Restate all data exactly. No images.

[RAW DATA — start]

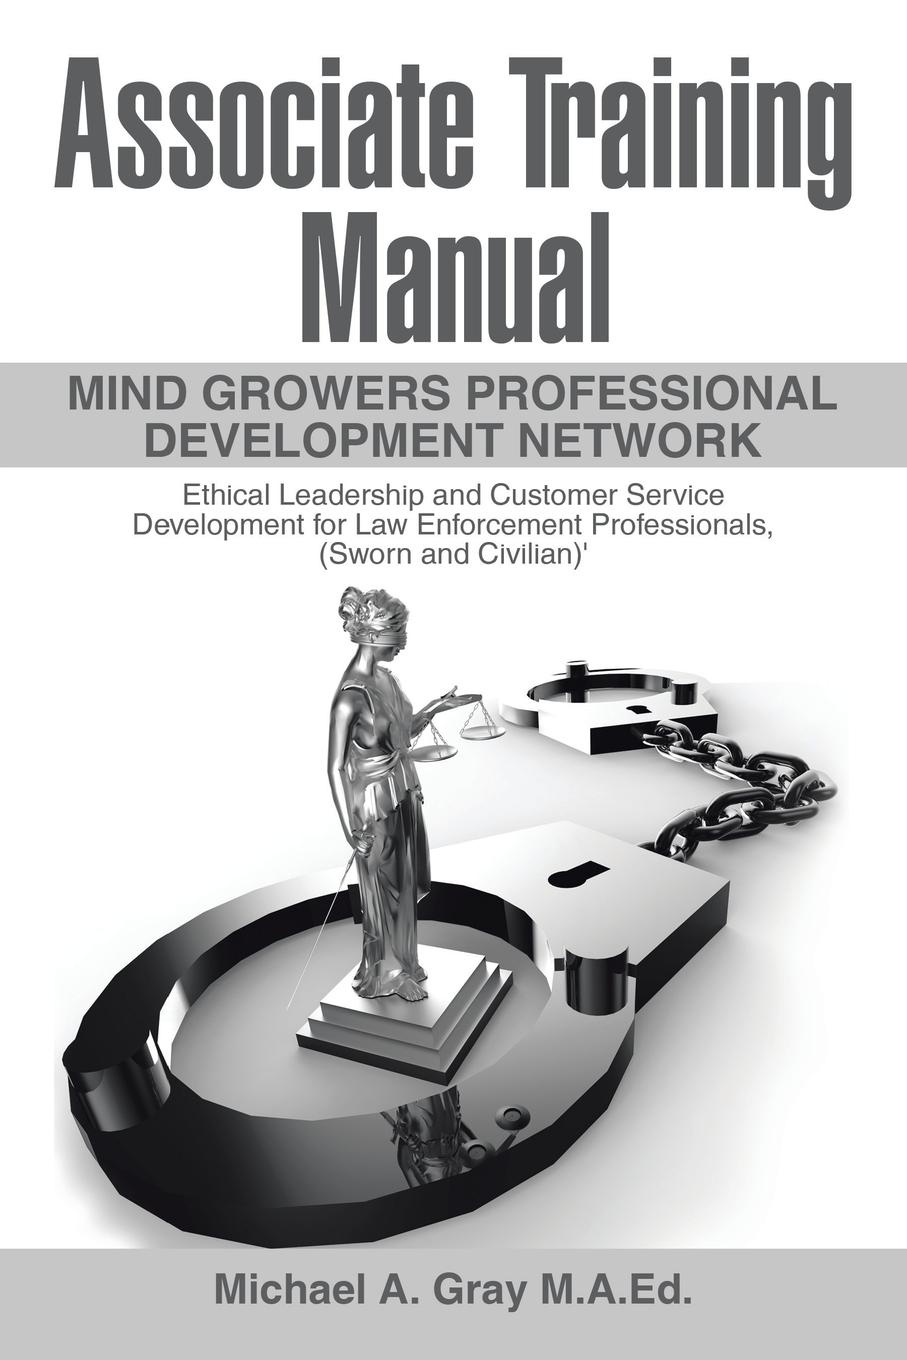 Associate Training Manual. Ethical Leadership and Customer Service Development for Law Enforcement Professionals, (Sworn and Civilian)
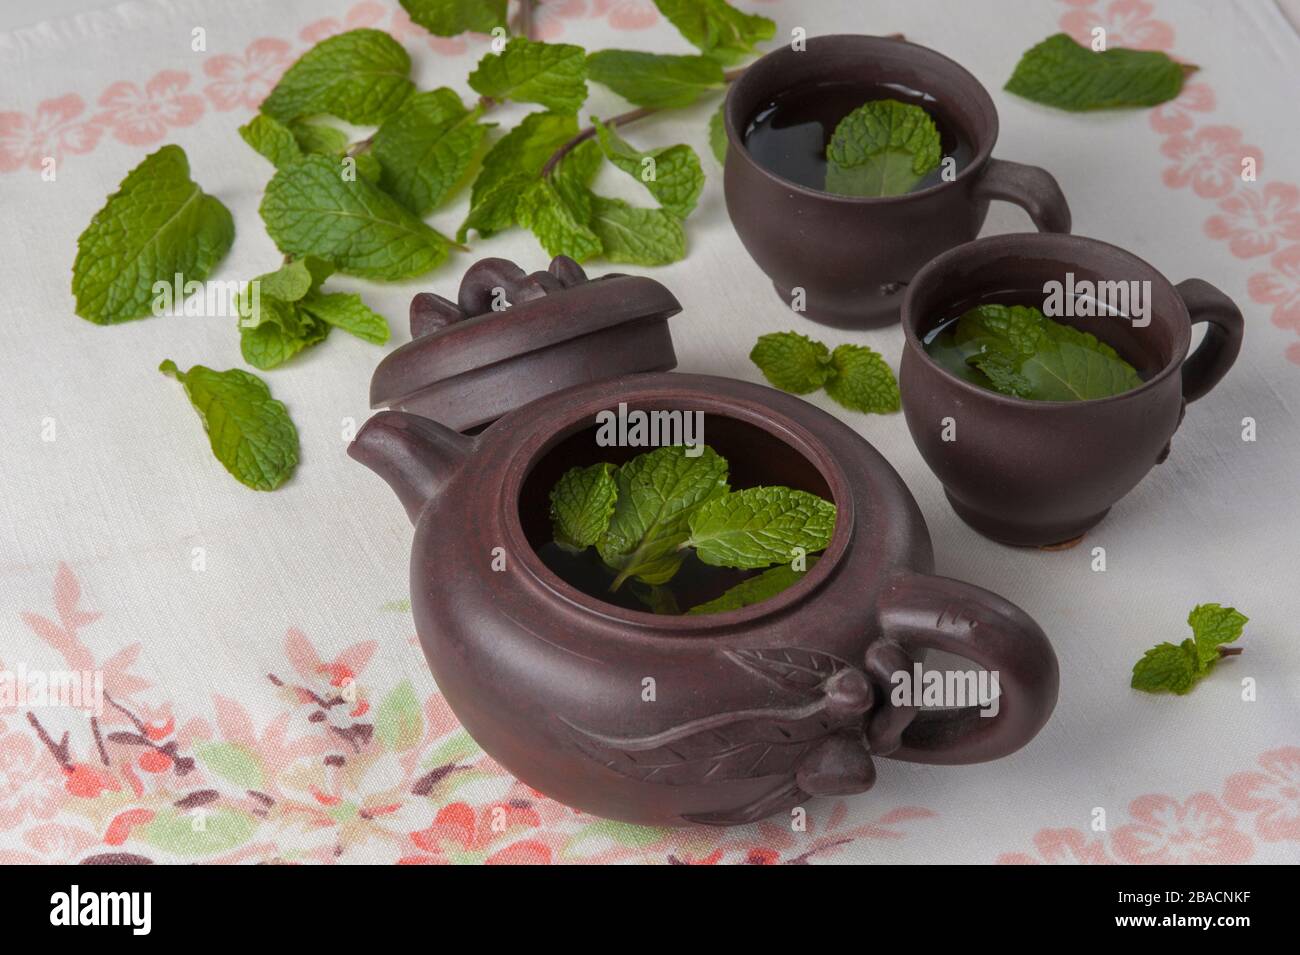 Yixing clay teapot and two tea cups with mint leaves Stock Photo
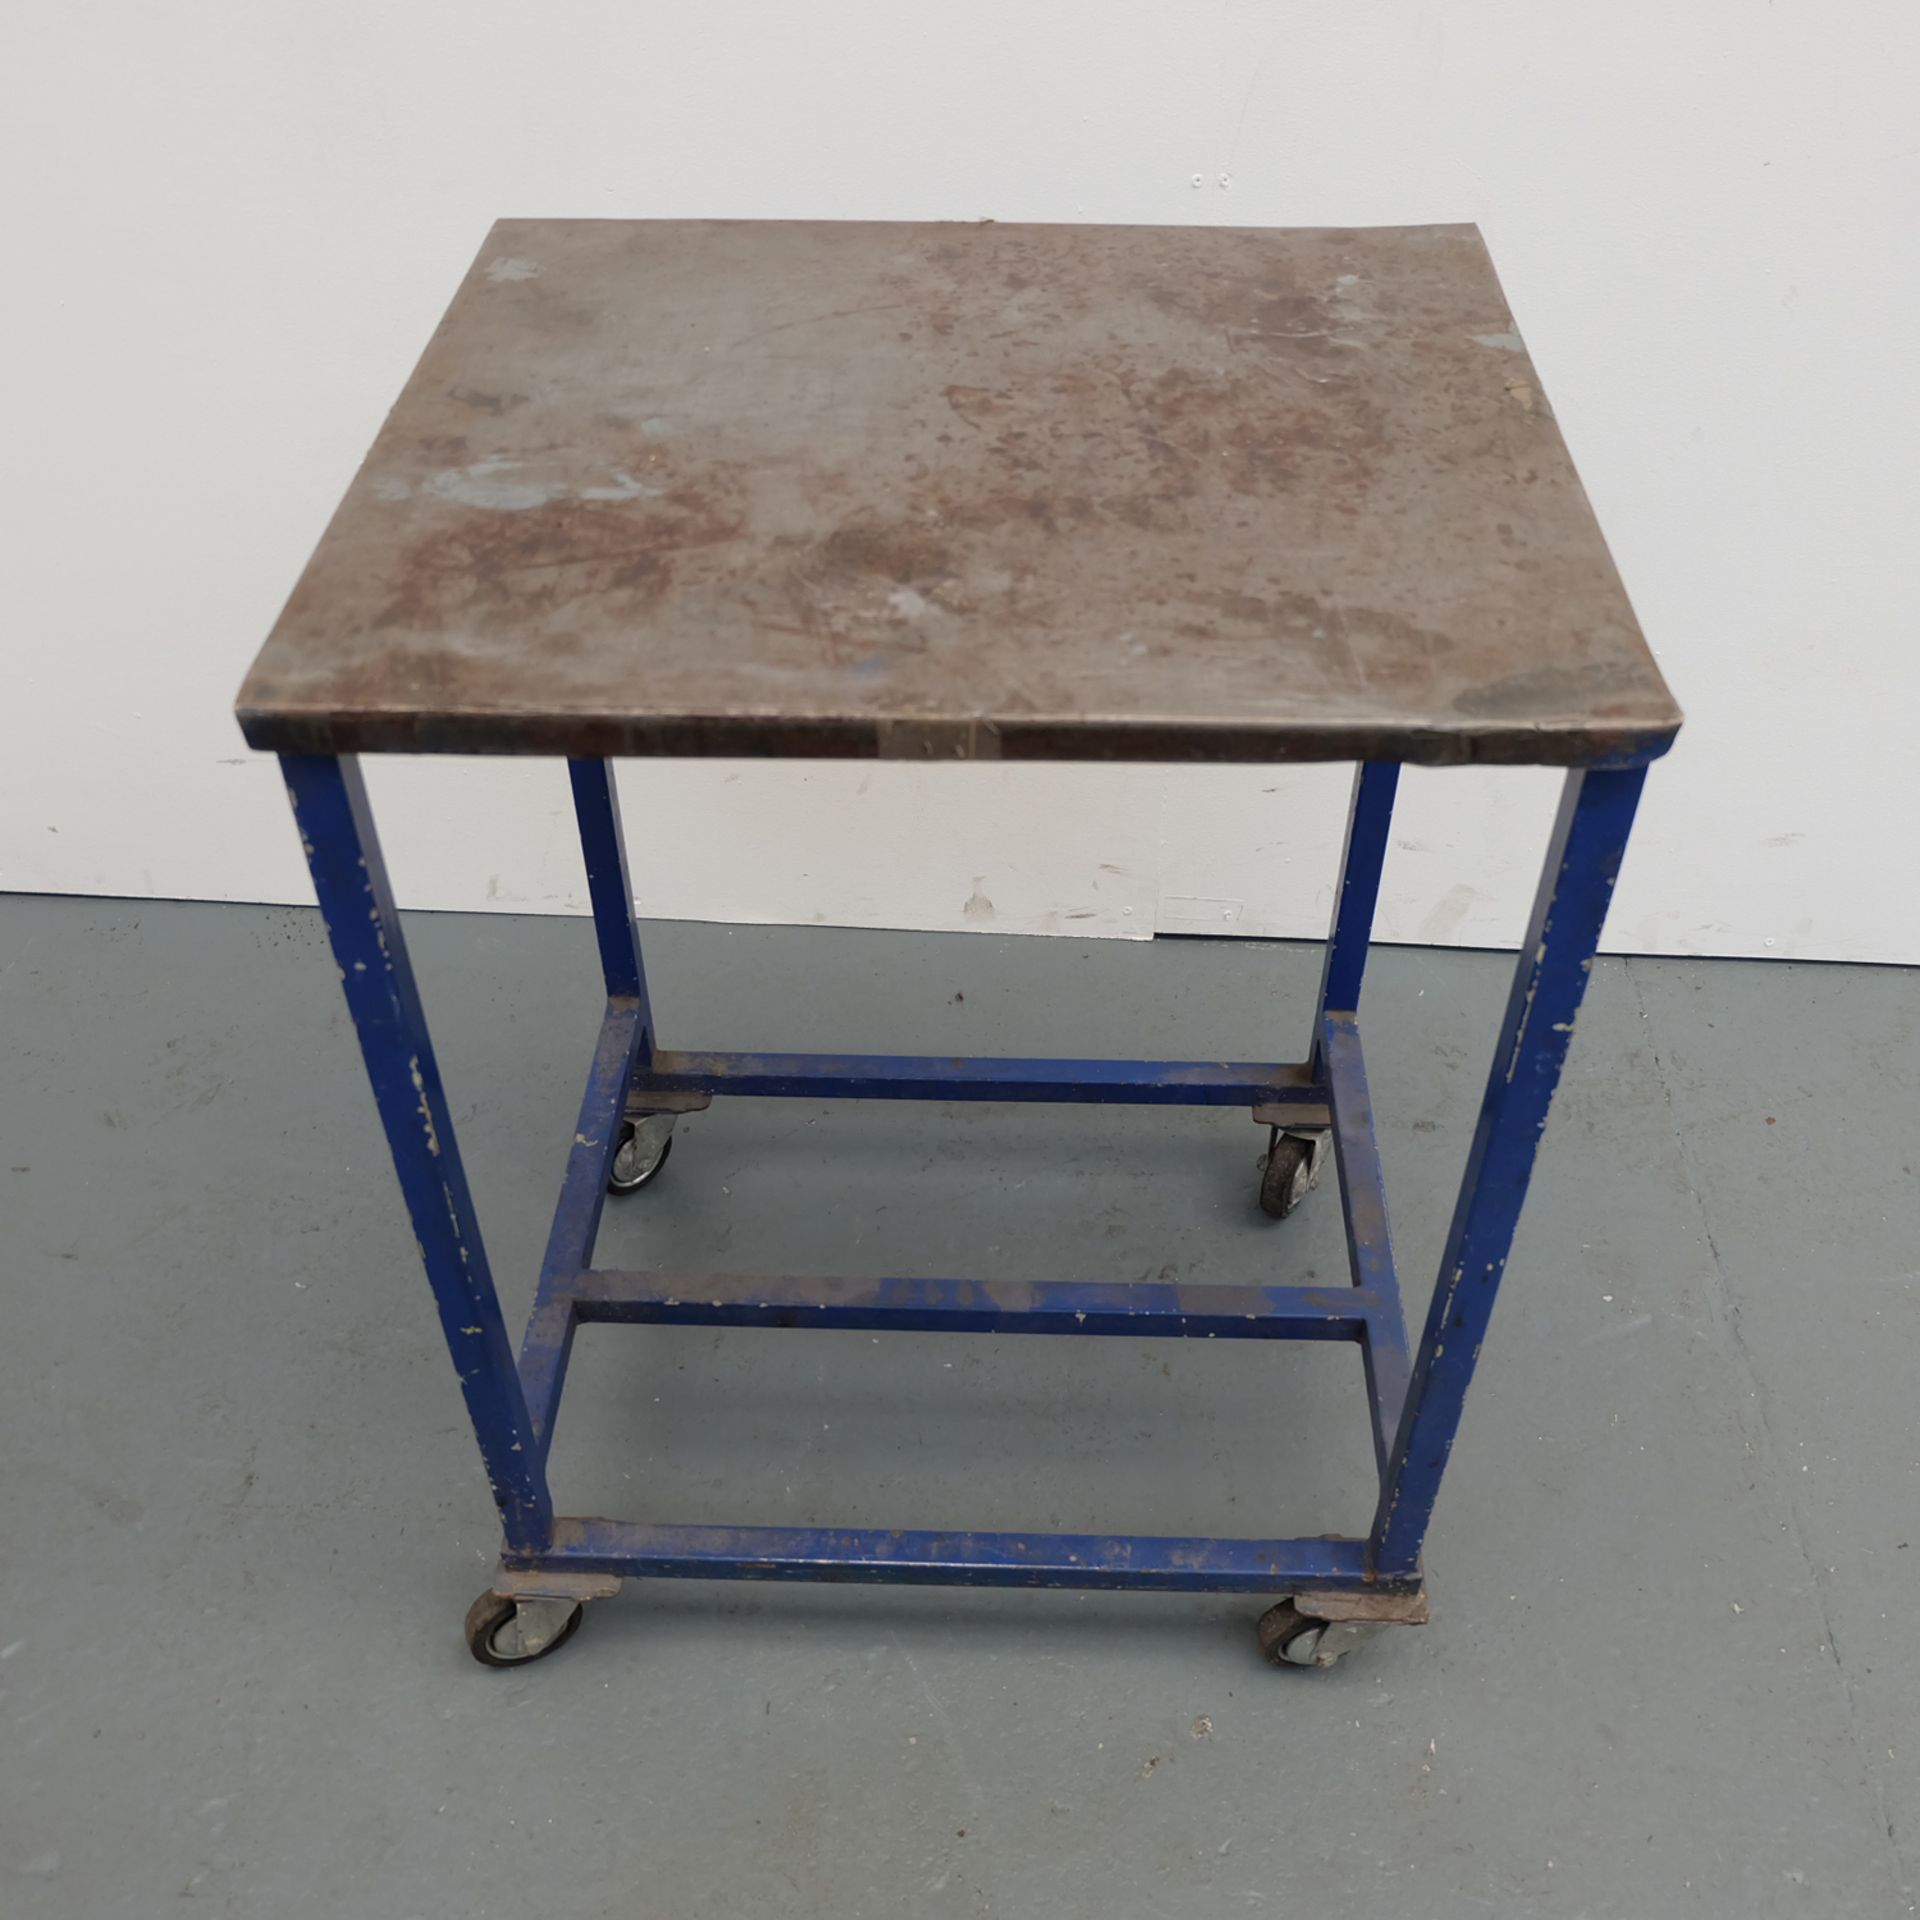 Mobile Steel Trolley on Castors. Approx Dimensions560mm x 490mm x 770mm High. - Image 2 of 3
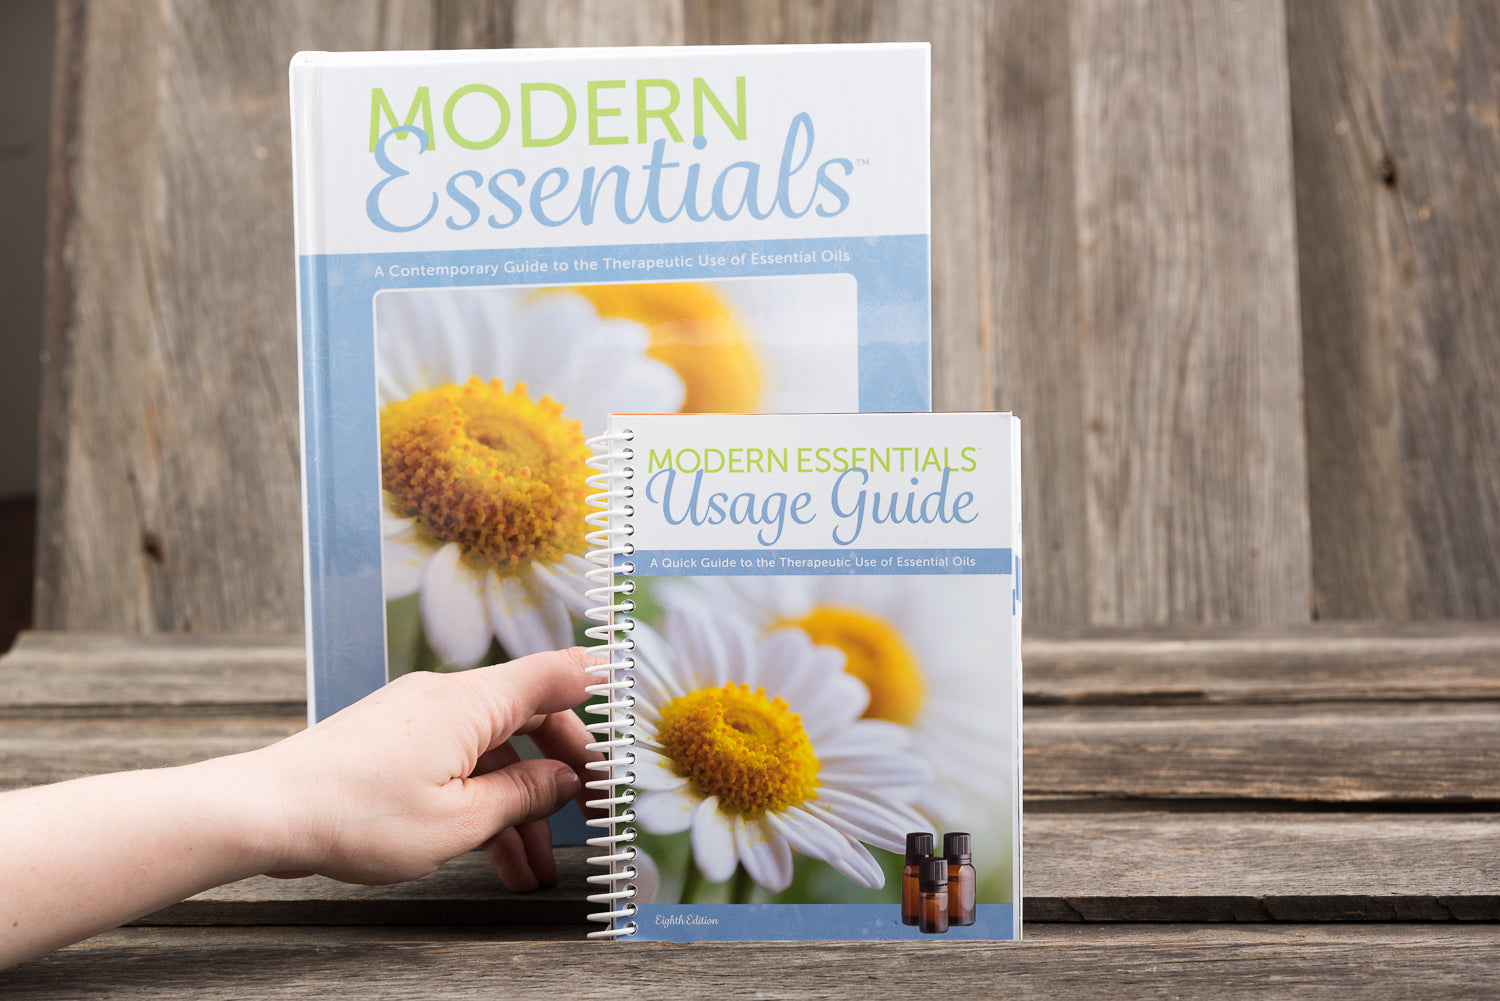 Newest Editions of Modern Essentials Publications

[RAW DATA — finish]

__TASK RESULT__:
 Associate Training Manual. Ethical Leadership and Customer Service Development for Law Enforcement Professionals, (Sworn and Civilian)
 Yixing clay teapot and two tea cups with mint leaves Stock Photo
 Mobile Steel Trolley on Castors. Approx Dimensions560mm x 490mm x 770mm High. - Image 2 of 3
 Newest Editions of Modern Essentials Publications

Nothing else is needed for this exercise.